-- RECORDS PROVIDED follows --

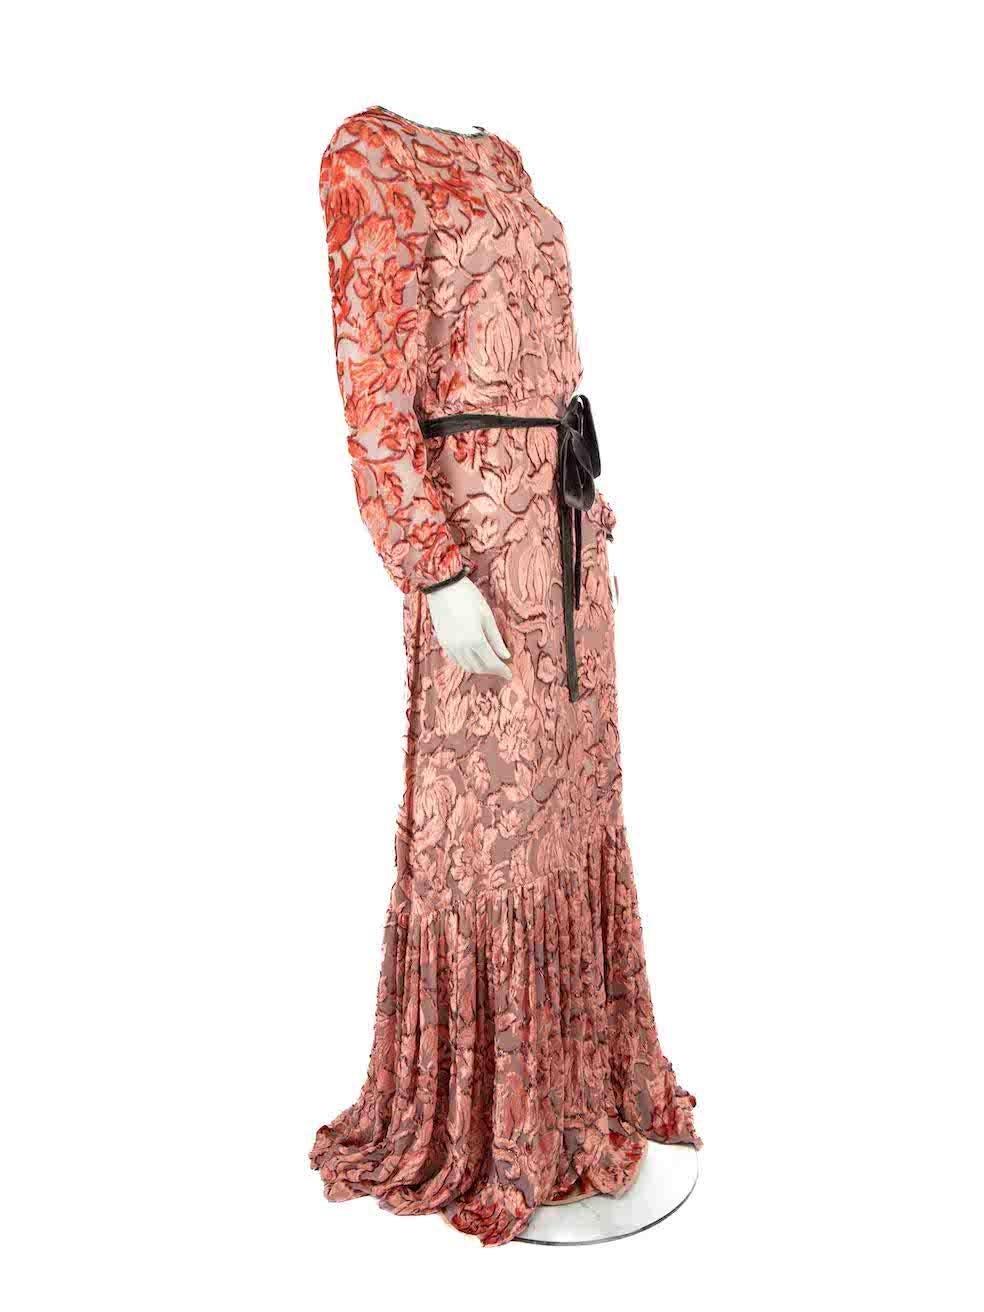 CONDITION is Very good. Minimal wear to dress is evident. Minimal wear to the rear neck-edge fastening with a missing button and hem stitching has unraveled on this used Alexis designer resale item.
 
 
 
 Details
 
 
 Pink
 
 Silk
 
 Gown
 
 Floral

-- RECORDS PROVIDED concluded --

Leave out the pictures and copy every record above exactly.

* **COMPLETED EXERCISE**
 CONDITION is Very good. Minimal wear to dress is evident. Minimal wear to the rear neck-edge fastening with a missing button and hem stitching has unraveled on this used Alexis designer resale item.
 
 
 
 Details
 
 
 Pink
 
 Silk
 
 Gown
 
 Floral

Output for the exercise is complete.